TASK ITEM: All the lines below need retyping exactly, apart from the images.

PROVIDED DATA:
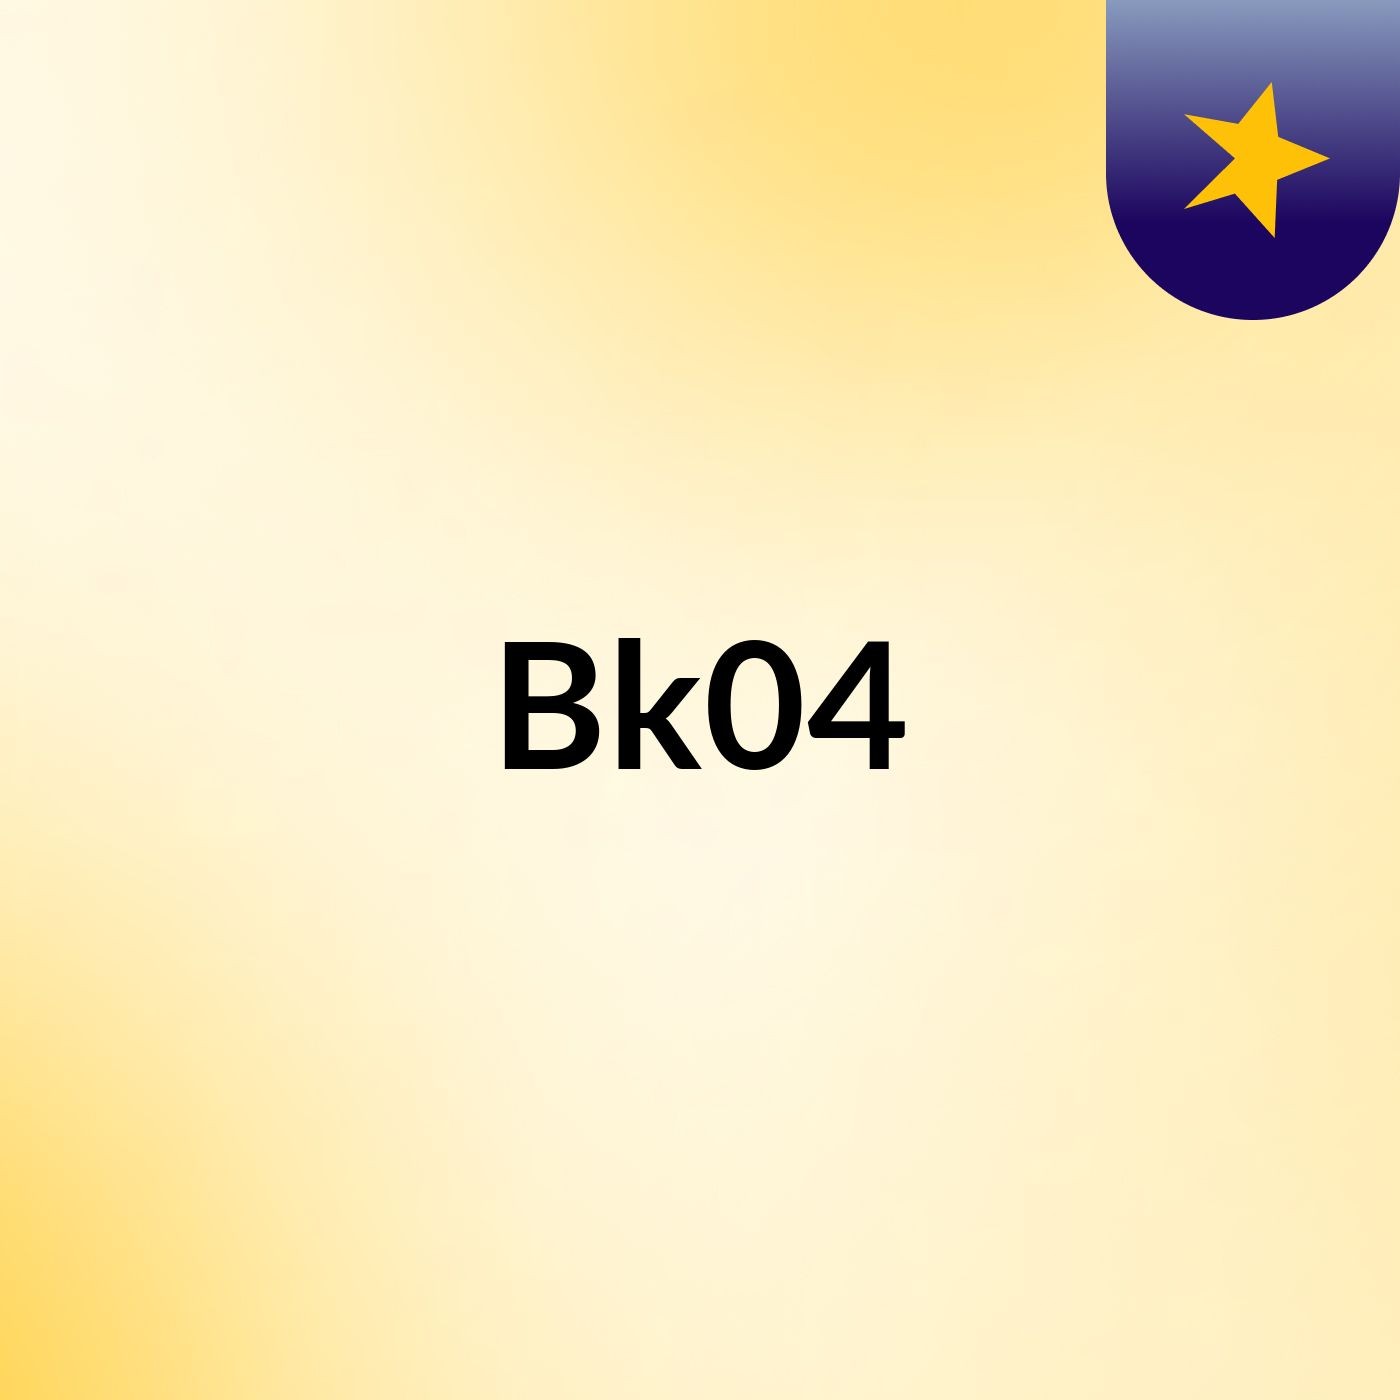 Bk04
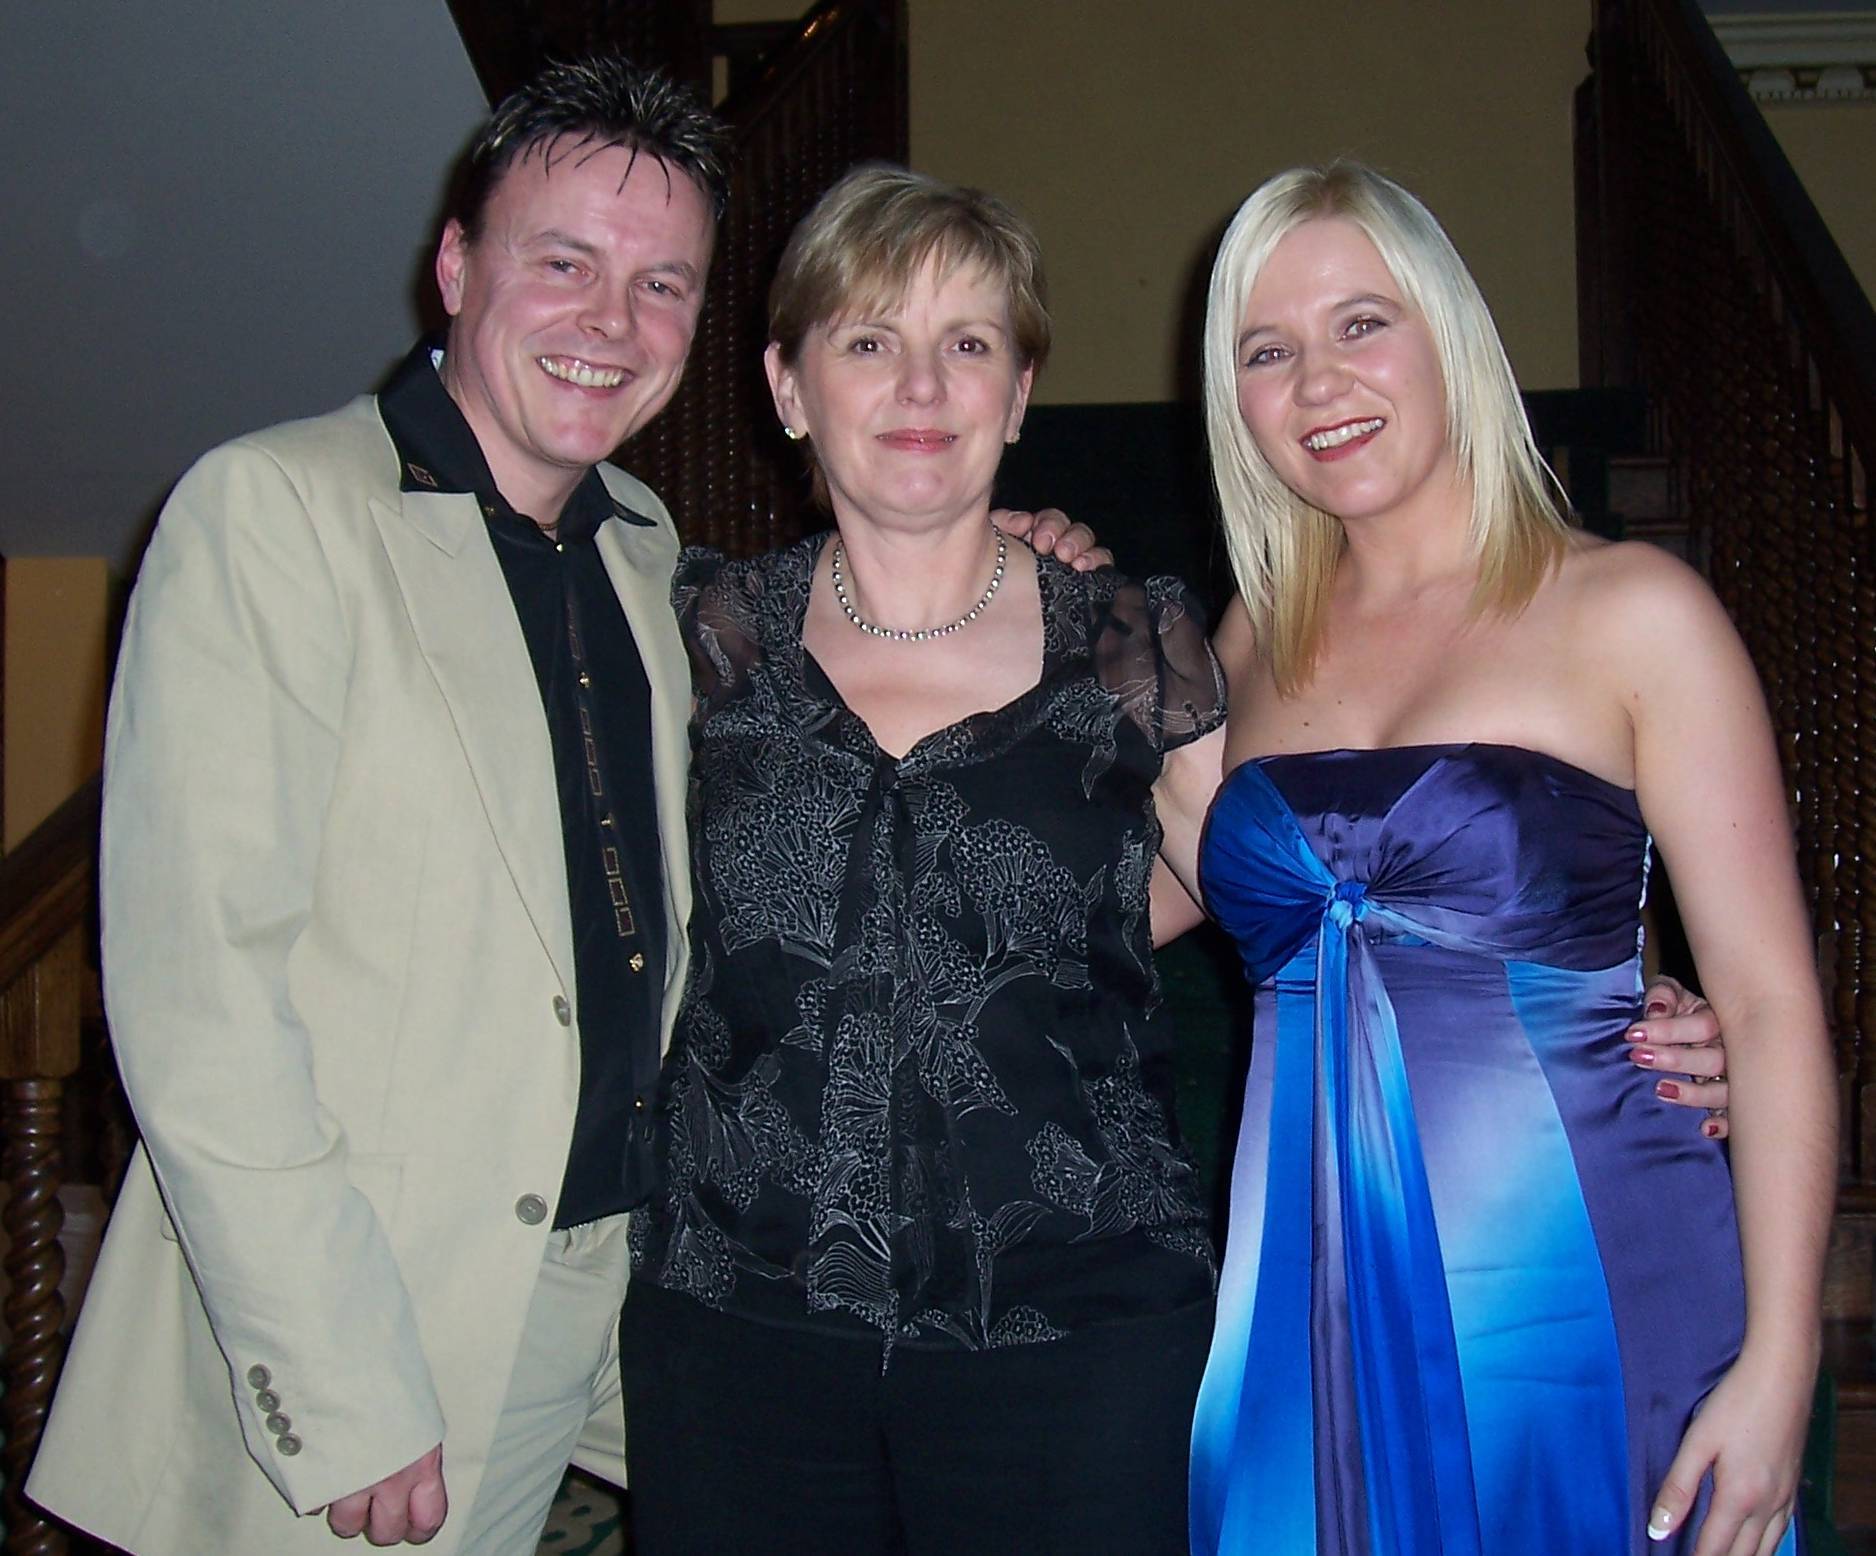 TM, Denise Frazer & FE at Awards, Setanta House Hotel, Kildare
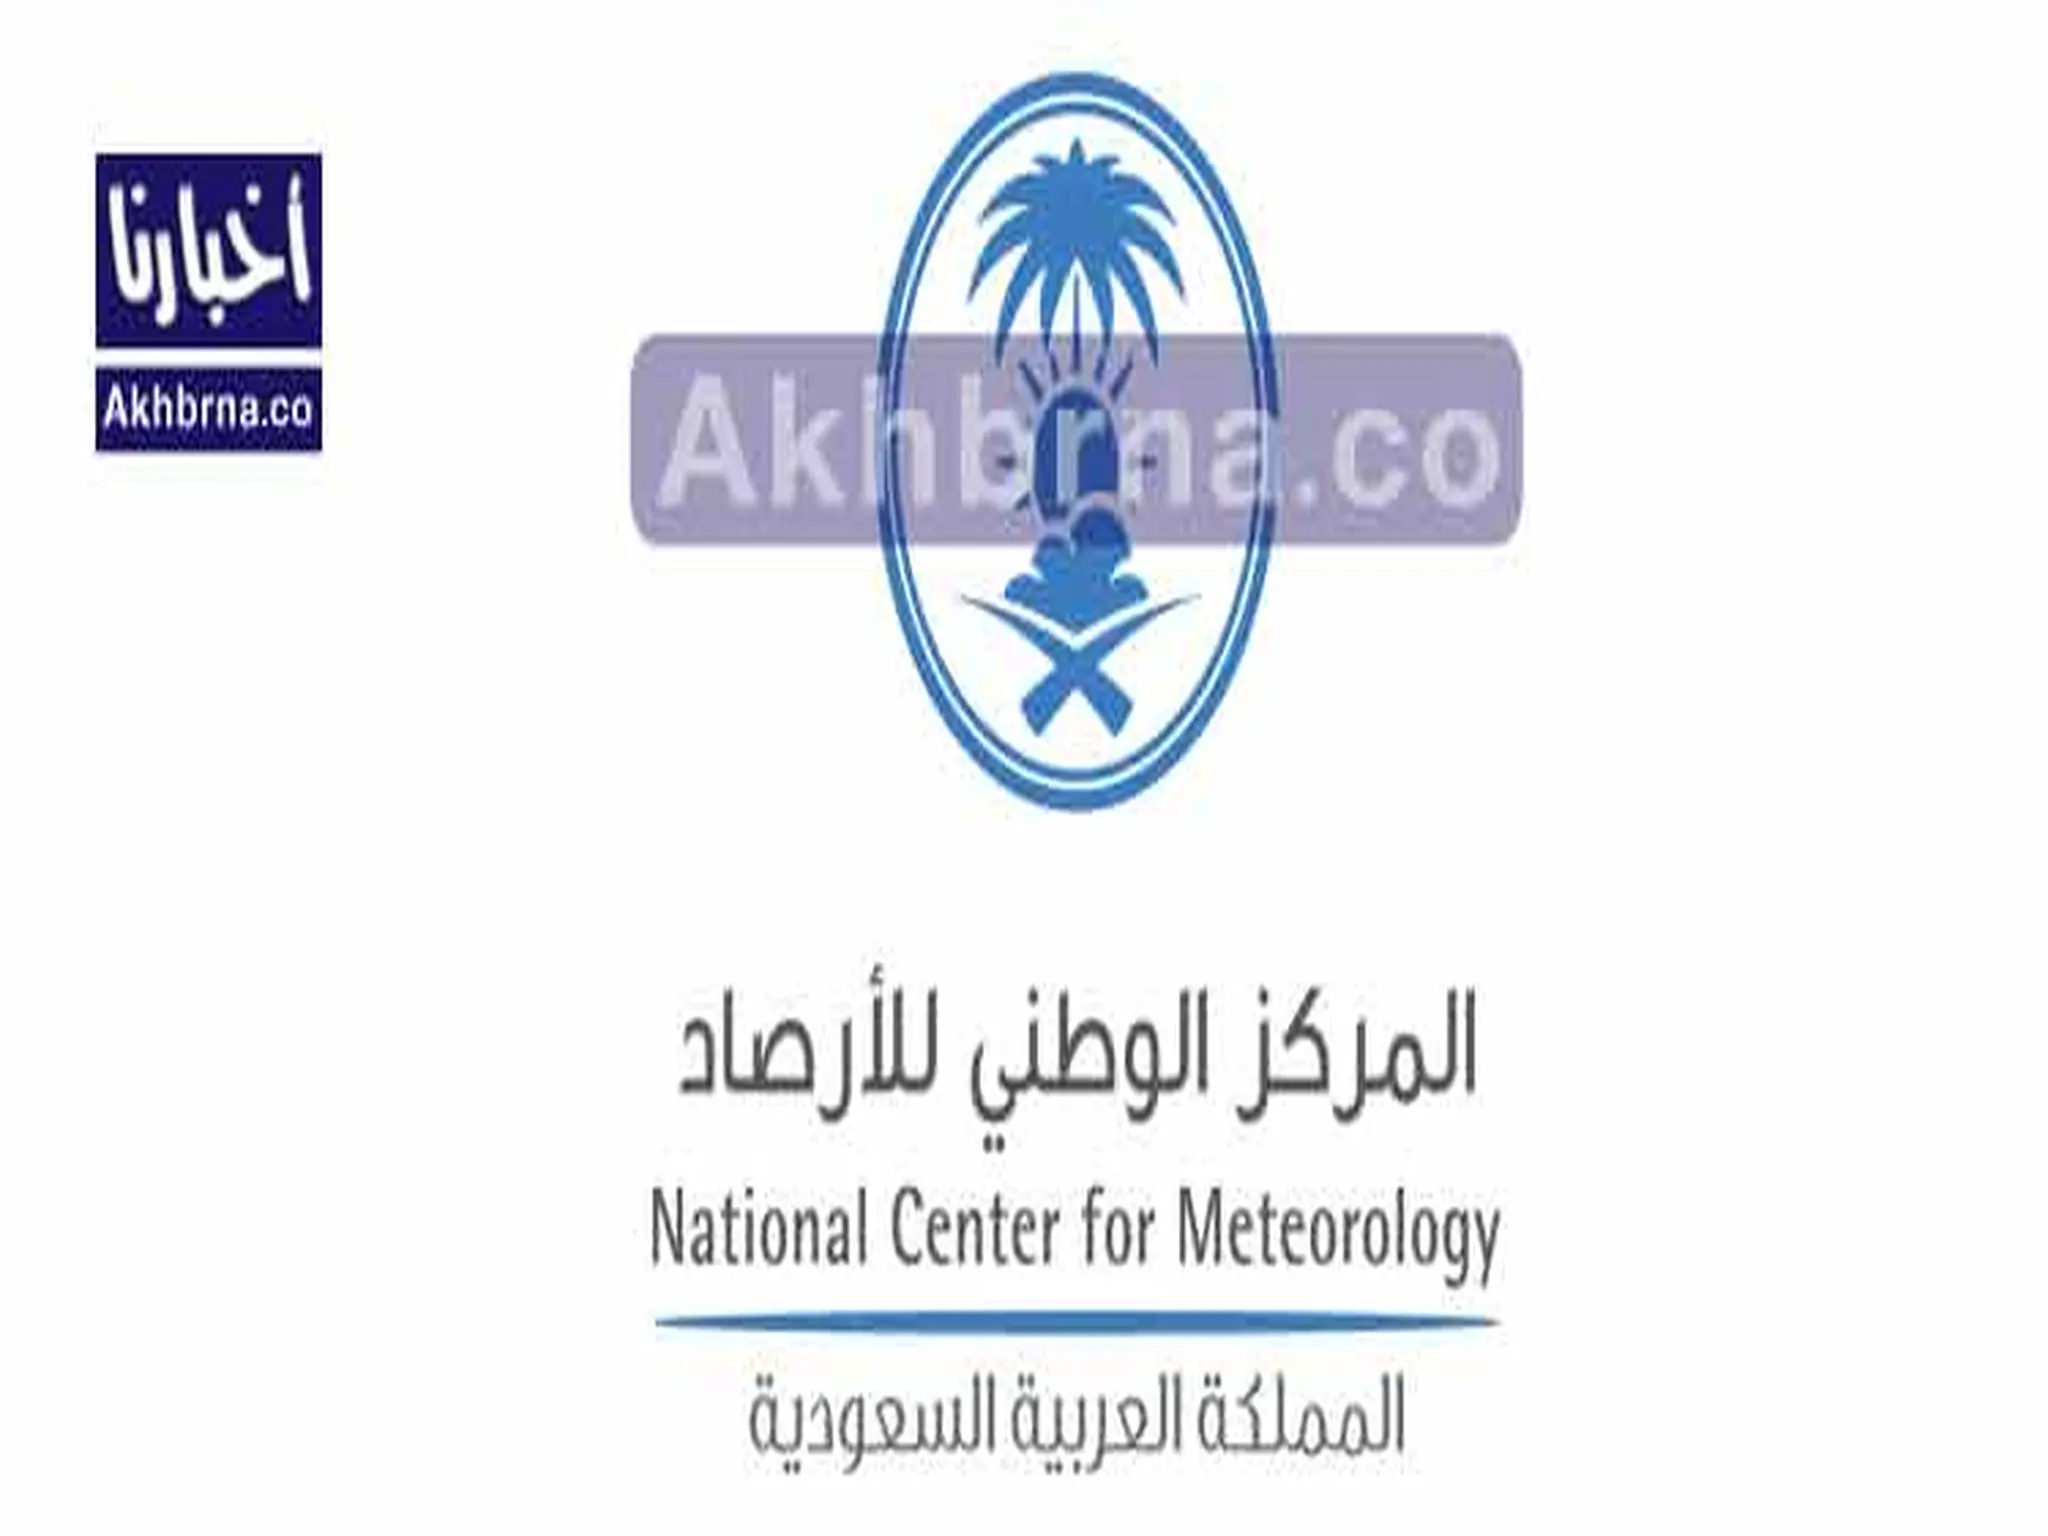 المركز الوطني للأرصاد يُحذر من رياح نشطة وأتربة مثارة على 3 مناطق بالسعودية

ANSWER BELOW:
 Bk04
 TM, Denise Frazer & FE at Awards, Setanta House Hotel, Kildare
 المركز الوطني للأرصاد يُحذر من رياح نشطة وأتربة مثارة على 3 مناطق بالسعودية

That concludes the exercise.